**WHAT THE TASK REQUIRES**
Because the images are not wanted, restate every line below word for word without them.

**INFORMATION PROVIDED**
-*-*-
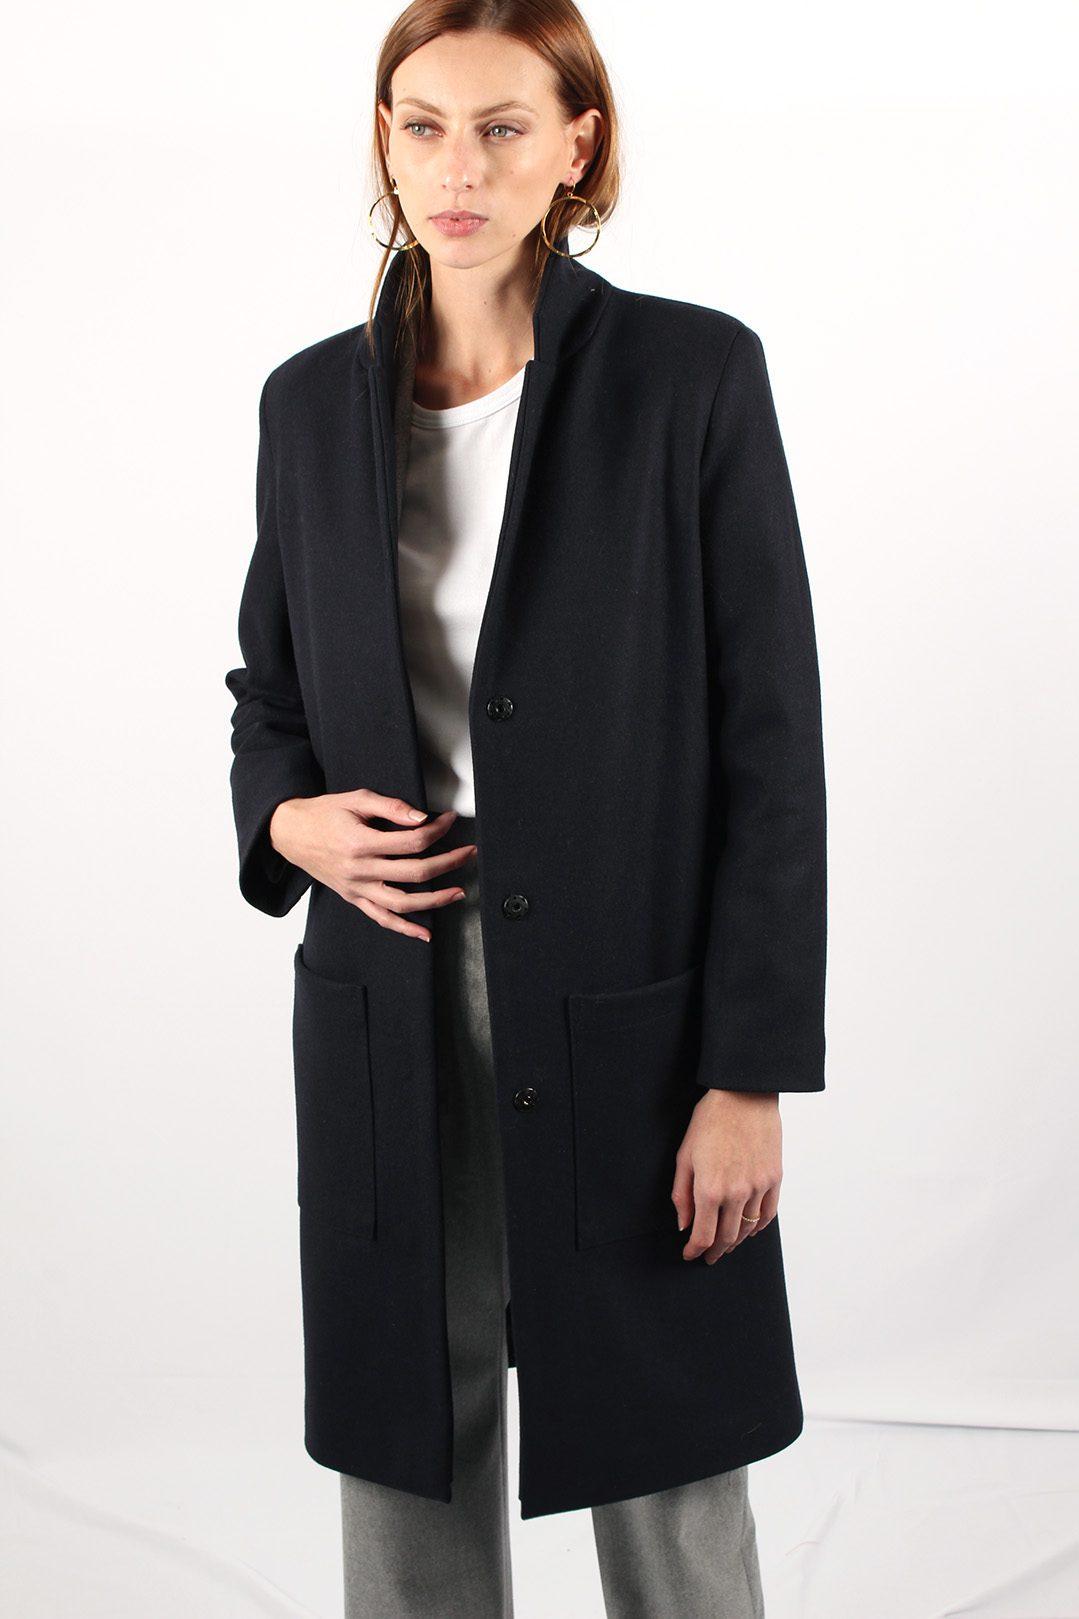 Manteau Oversize en laine bleue marine Made in France | ATODE
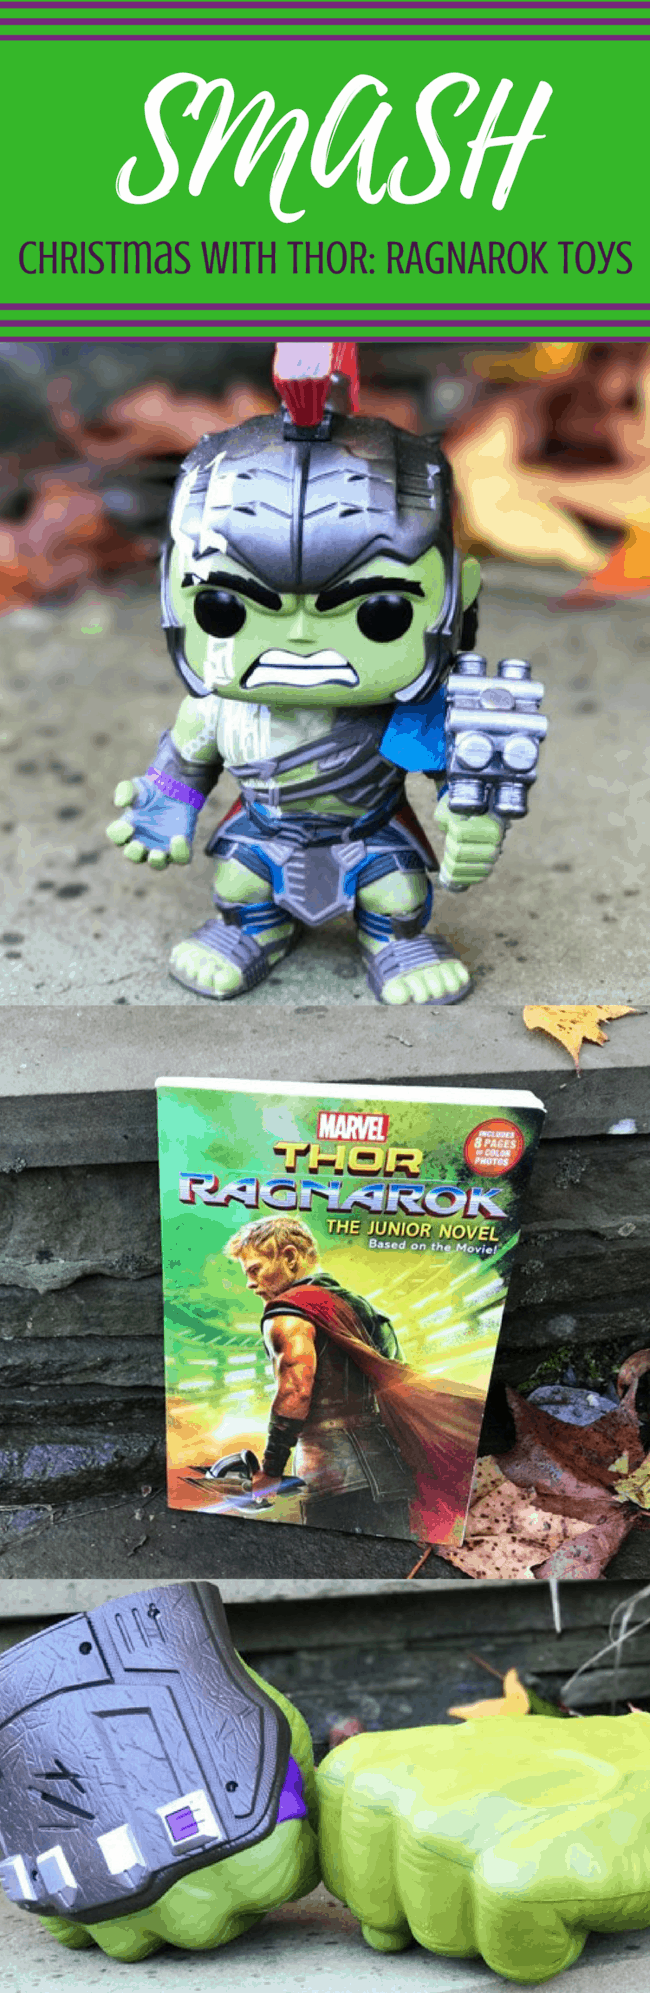 THOR: RAGNAROK toys for Christmas for the Marvel fan on your list! HULK | THOR | HELA | LOKI
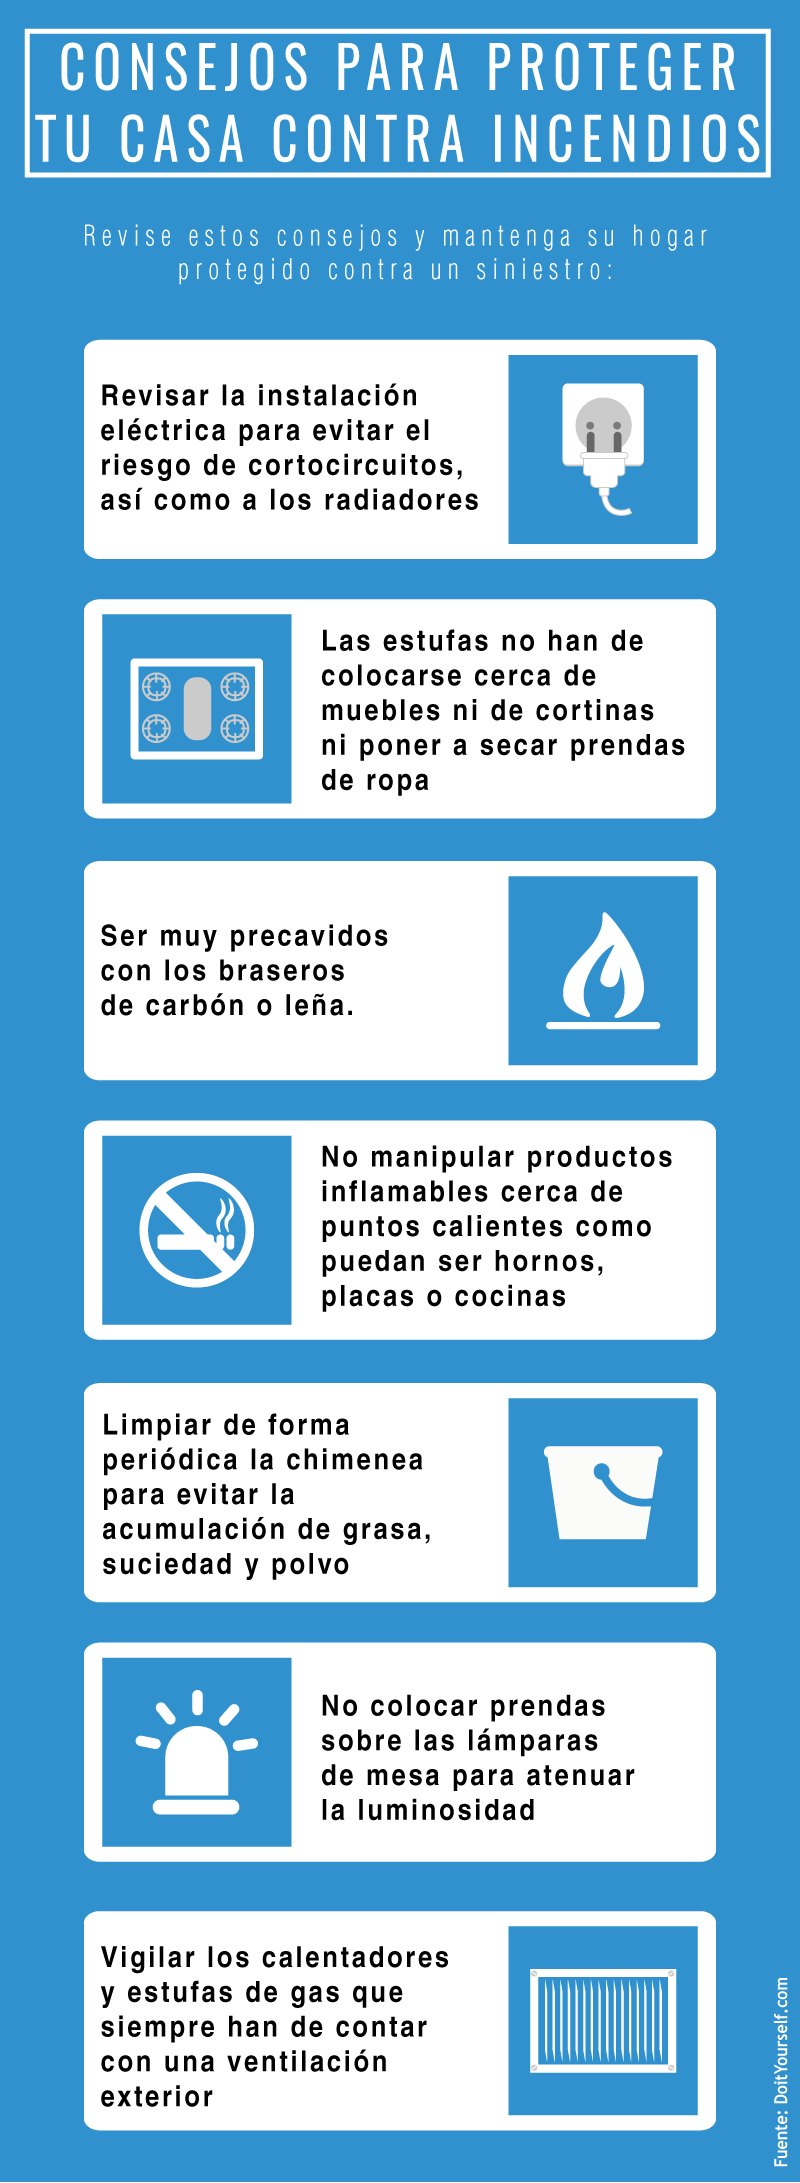 tips contra incendio-segured
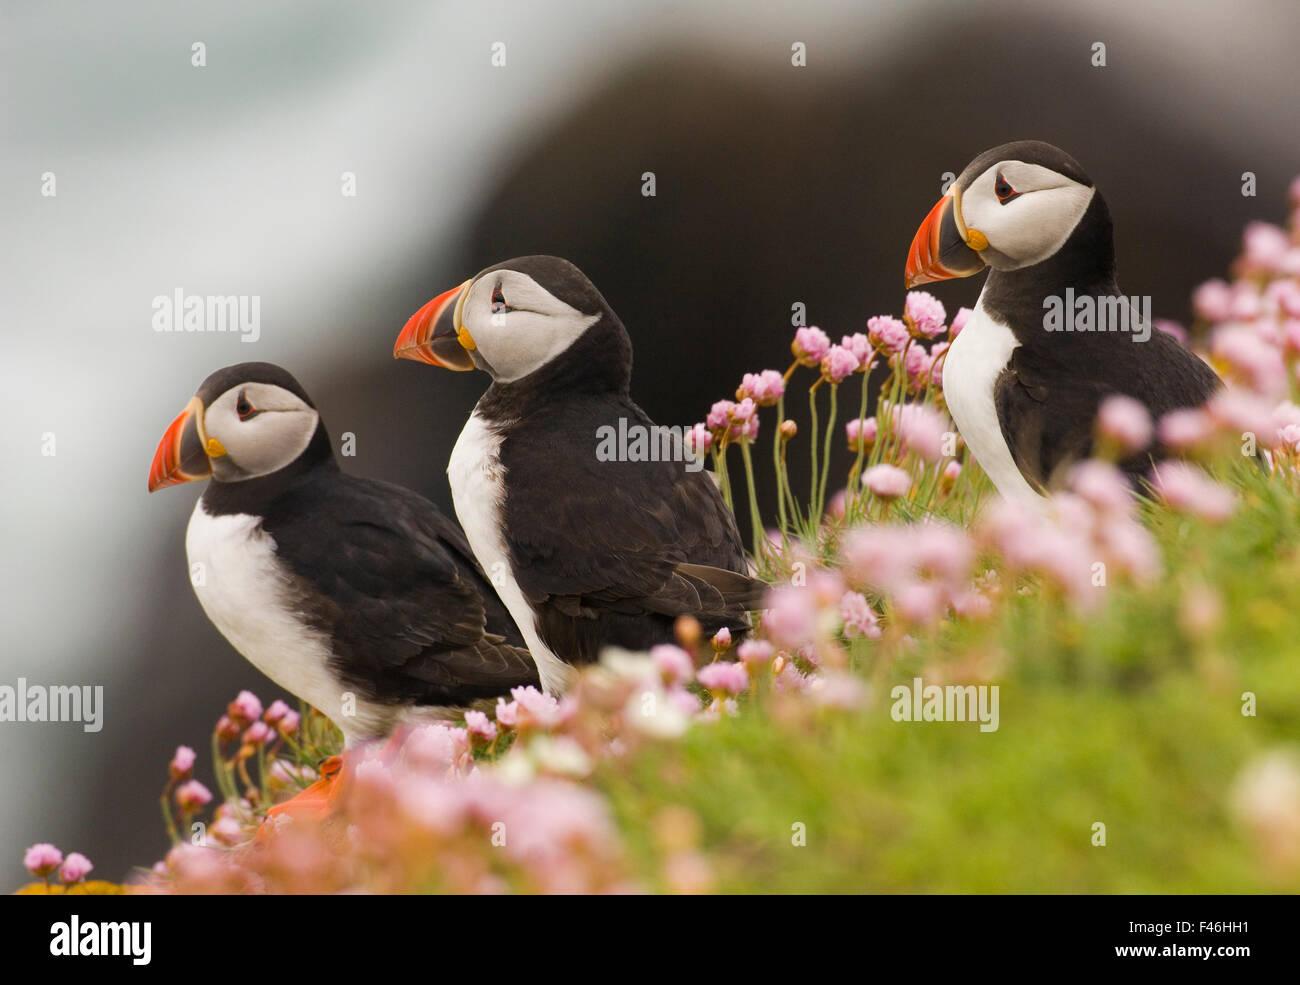 Puffins (Fratercula arctica) among coastal thrift. Saltee Islands, Ireland, UK, July. - Stock Image
-*-*-
**FINISHED TASK**
 Manteau Oversize en laine bleue marine Made in France | ATODE
 THOR: RAGNAROK toys for Christmas for the Marvel fan on your list! HULK | THOR | HELA | LOKI
 tips contra incendio-segured
 Puffins (Fratercula arctica) among coastal thrift. Saltee Islands, Ireland, UK, July. - Stock Image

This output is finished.